**ASSIGNMENT:** Transcribe the listing exactly as written. Leave the images out.

[DATA PROVIDED — start]

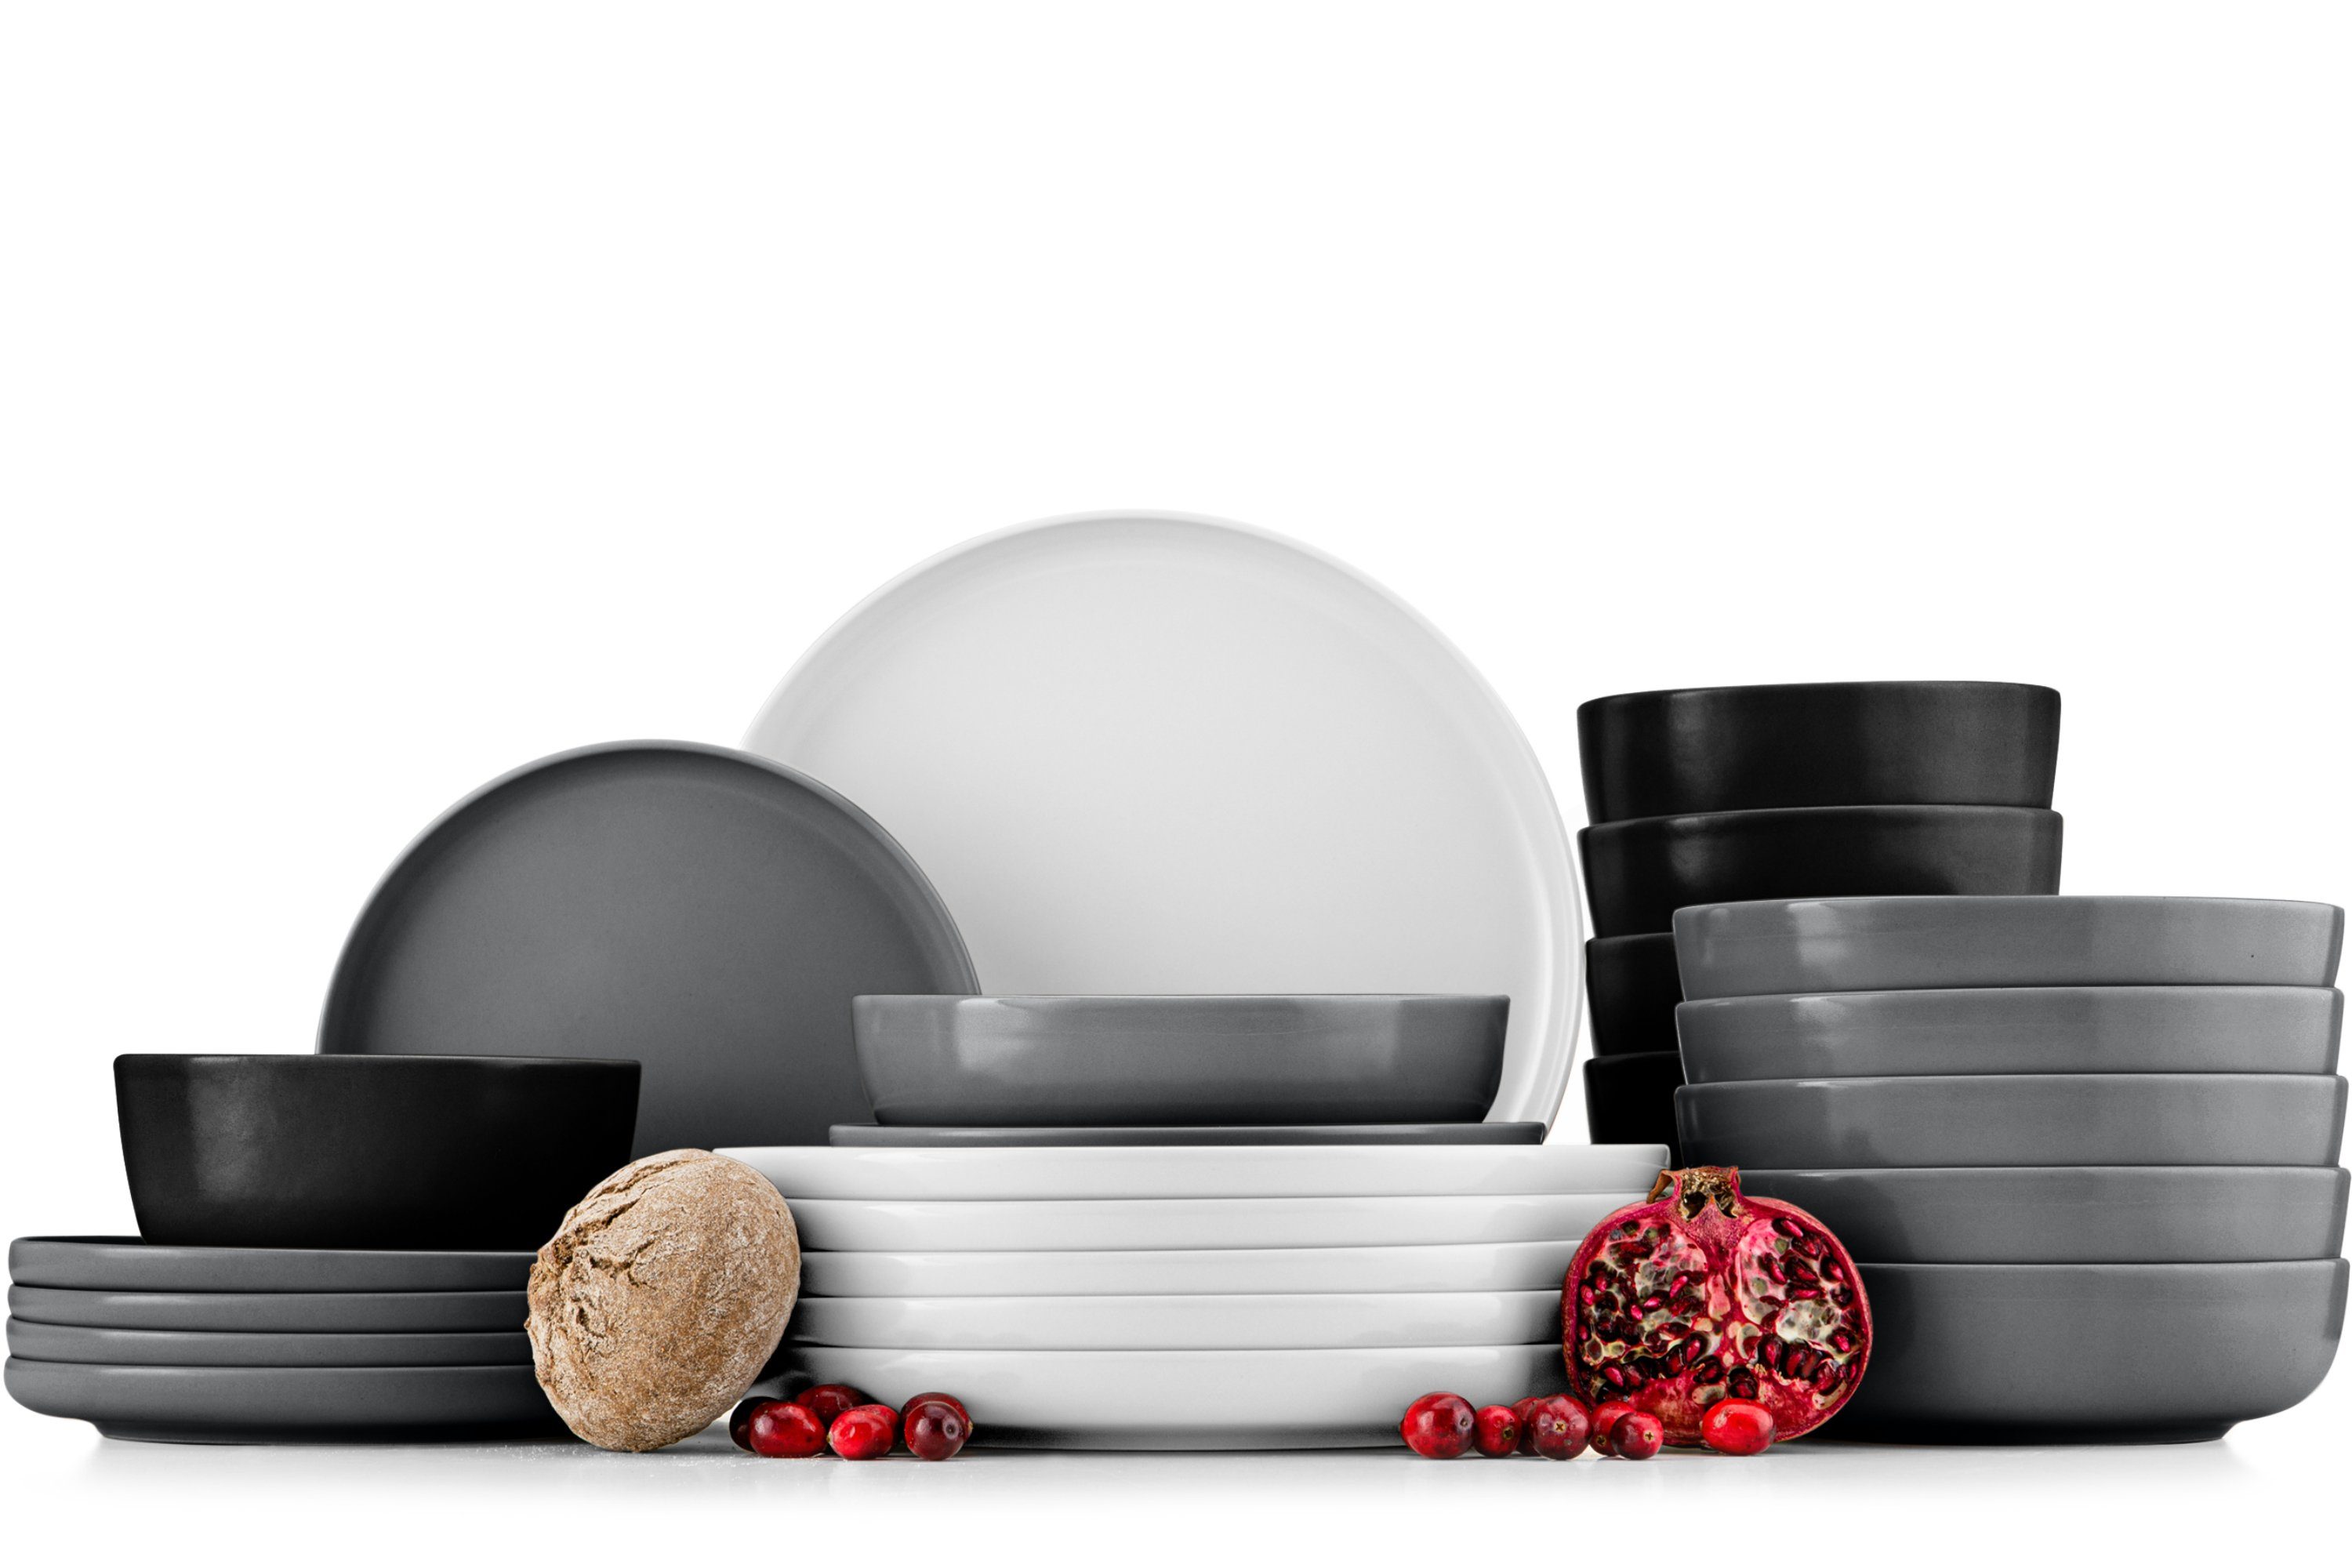 Konsimo Kombiservice VICTO Geschirrset hergestellt in der EU (24-tlg), 6 Personen, Steingut, spülmaschinengeeignet, mikrowellengeeignet, mehrfarbig, matt matt weiß/grau/schwarz/grau
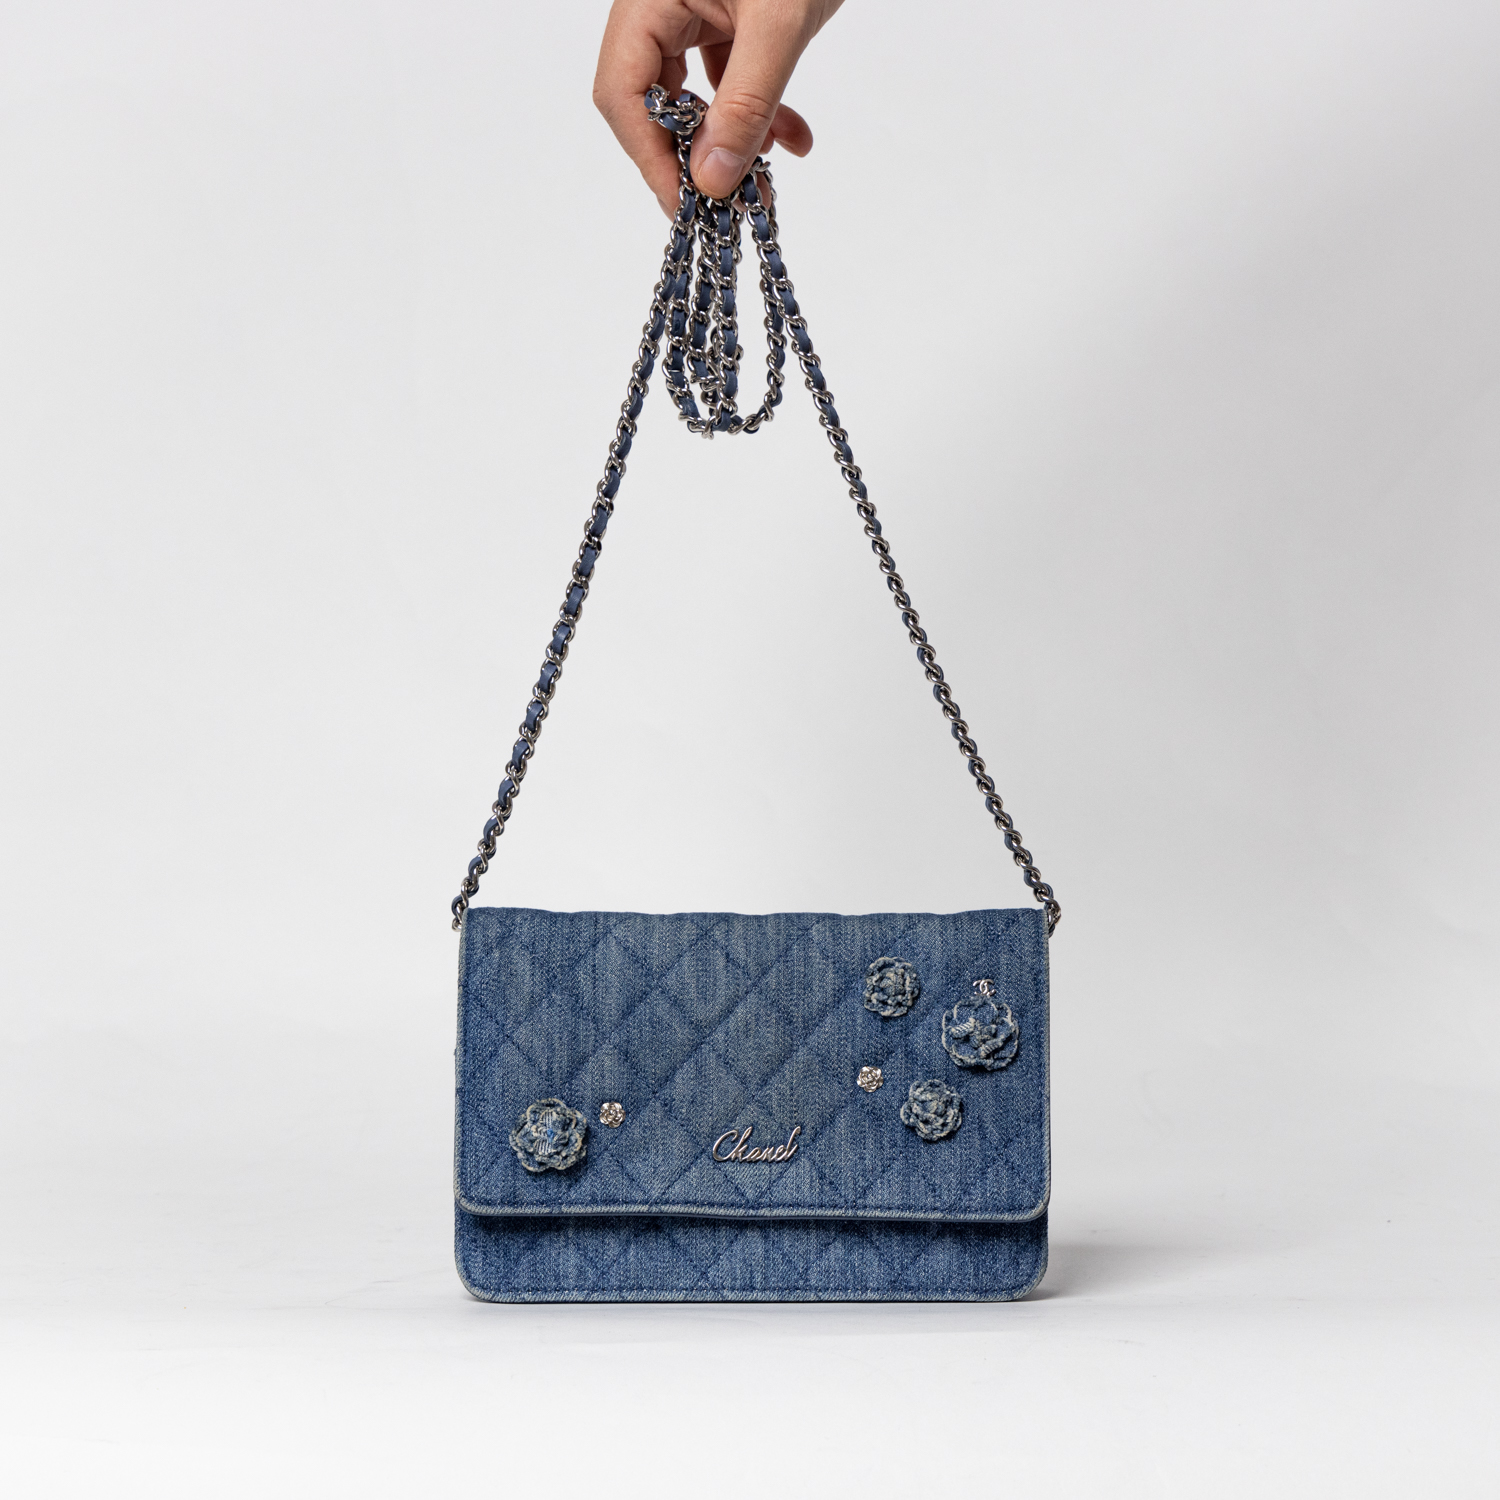 Chanel Wallet on Chain WOC Denim Blau Jeans mit Kamelien
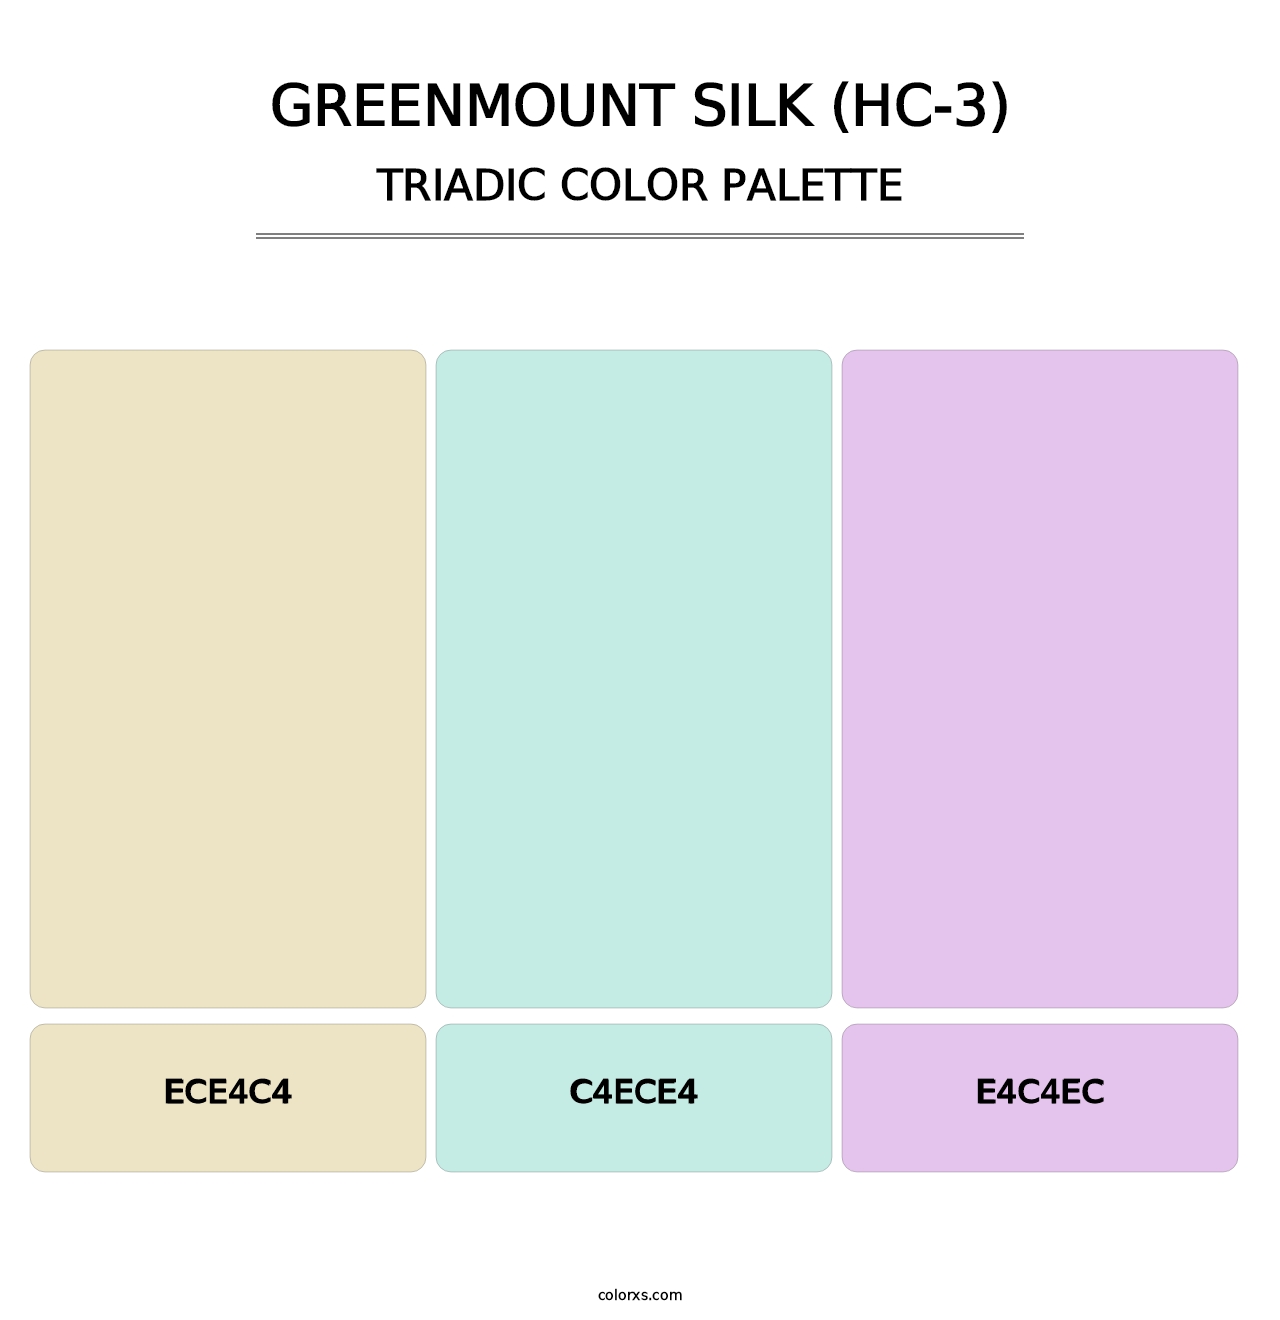 Greenmount Silk (HC-3) - Triadic Color Palette

[DATA PROVIDED — finish]

**SOLUTION FOR THIS TASK:**
 Konsimo Kombiservice VICTO Geschirrset hergestellt in der EU (24-tlg), 6 Personen, Steingut, spülmaschinengeeignet, mikrowellengeeignet, mehrfarbig, matt matt weiß/grau/schwarz/grau
 Chanel Wallet on Chain WOC Denim Blau Jeans mit Kamelien
 Greenmount Silk (HC-3) - Triadic Color Palette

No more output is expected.